All the floor-boards had to come up, and we had to dig out all our pop-corn, rice and pasta. Mostly, we seemed pretty okay. No cockroaches climbed out from anywhere, there were no insects in the pop-corn or rice. I had to pack out all the pasta under my bed, handing them to the inspector one by one so he could shine a light into it, squinting with the effort to see little black bodies between the tan noodles. I think he was oddly satisfied when he did at last find one lonely packet of pasta with bugs in it. 😉

Everybody in the Galápagos seem to be able to speak and understand some English, but mostly it’s only a few words. The inspector was no exception and Franci and I were frequently called upon to “translate.” That is, listen very intently while understanding maybe one word out of ten, then smiling apologetically with a ‘lo siento’ and quickly discussing among ourselves what to report back to the family.

Hehe, not really. Our ‘emergency Spanish’ is still basically just that, but we were able to understand that the inspector wanted us to clean the boat very well after the fumigation. We received a receipt for the packet of contaminated pasta, (I think they incinerate those on the island), then he told us he would come back to the boat after two days to inspect again.

He never did. We never got our paper to say we had been inspected and approved, but fortunately the other islands accepted the receipt of the pasta as proof that we had been inspected.

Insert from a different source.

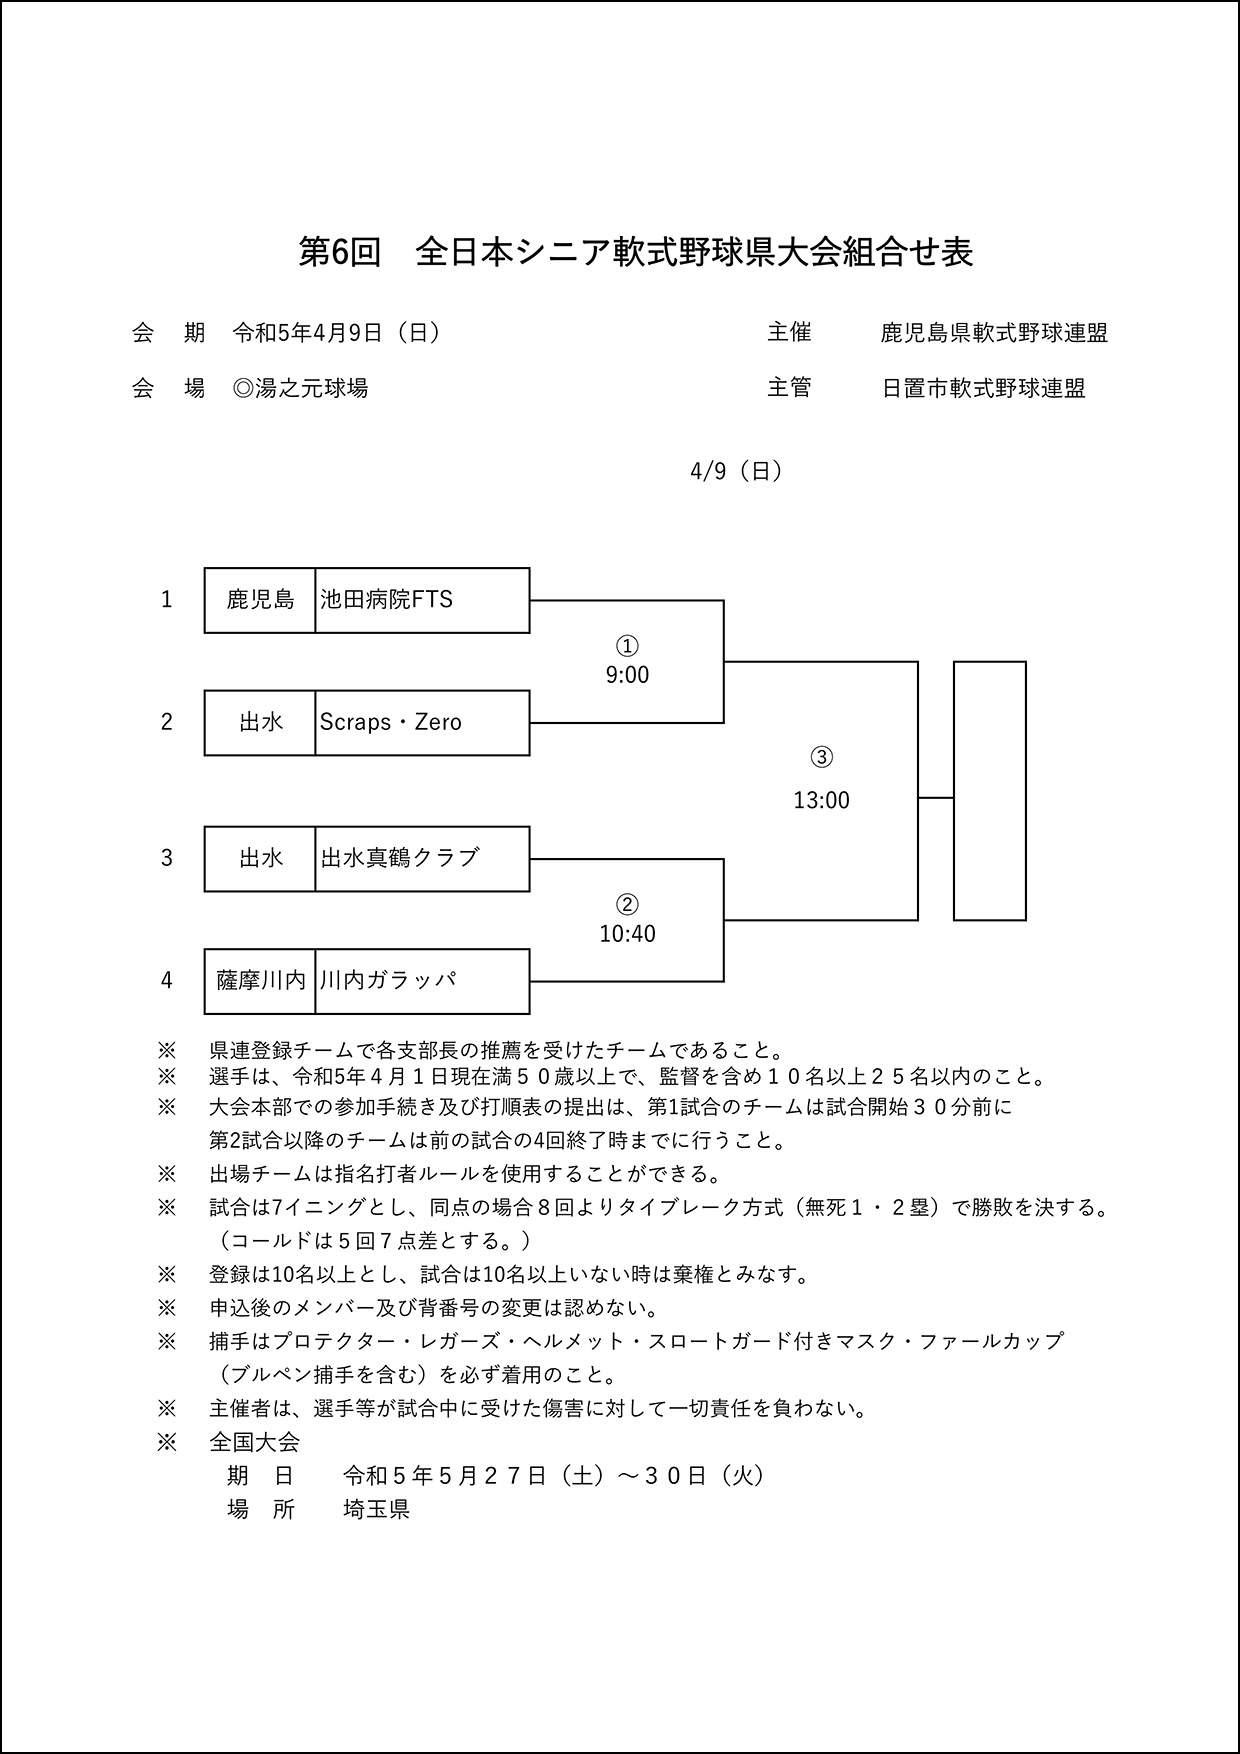 【組合せ】第6回全日本シニア軟式野球県大会

The fumigation is compulsory and not a big deal. A man comes to the boat with a full-body suit, mask and a poison contraption. Everybody is ordered off the boat before the fumigation starts, so we didn’t actually see what happened. We were told to stay off the boat for at least 3 hours before returning, so to be safe we decided to stay away 5 hours and get our first good look at a Galápagos island. =)


Some of our very first Iguana sightings

The fascinating Cactus Tree. The stem looks just like that of a “normal” tree, but the leaves are decidedly not.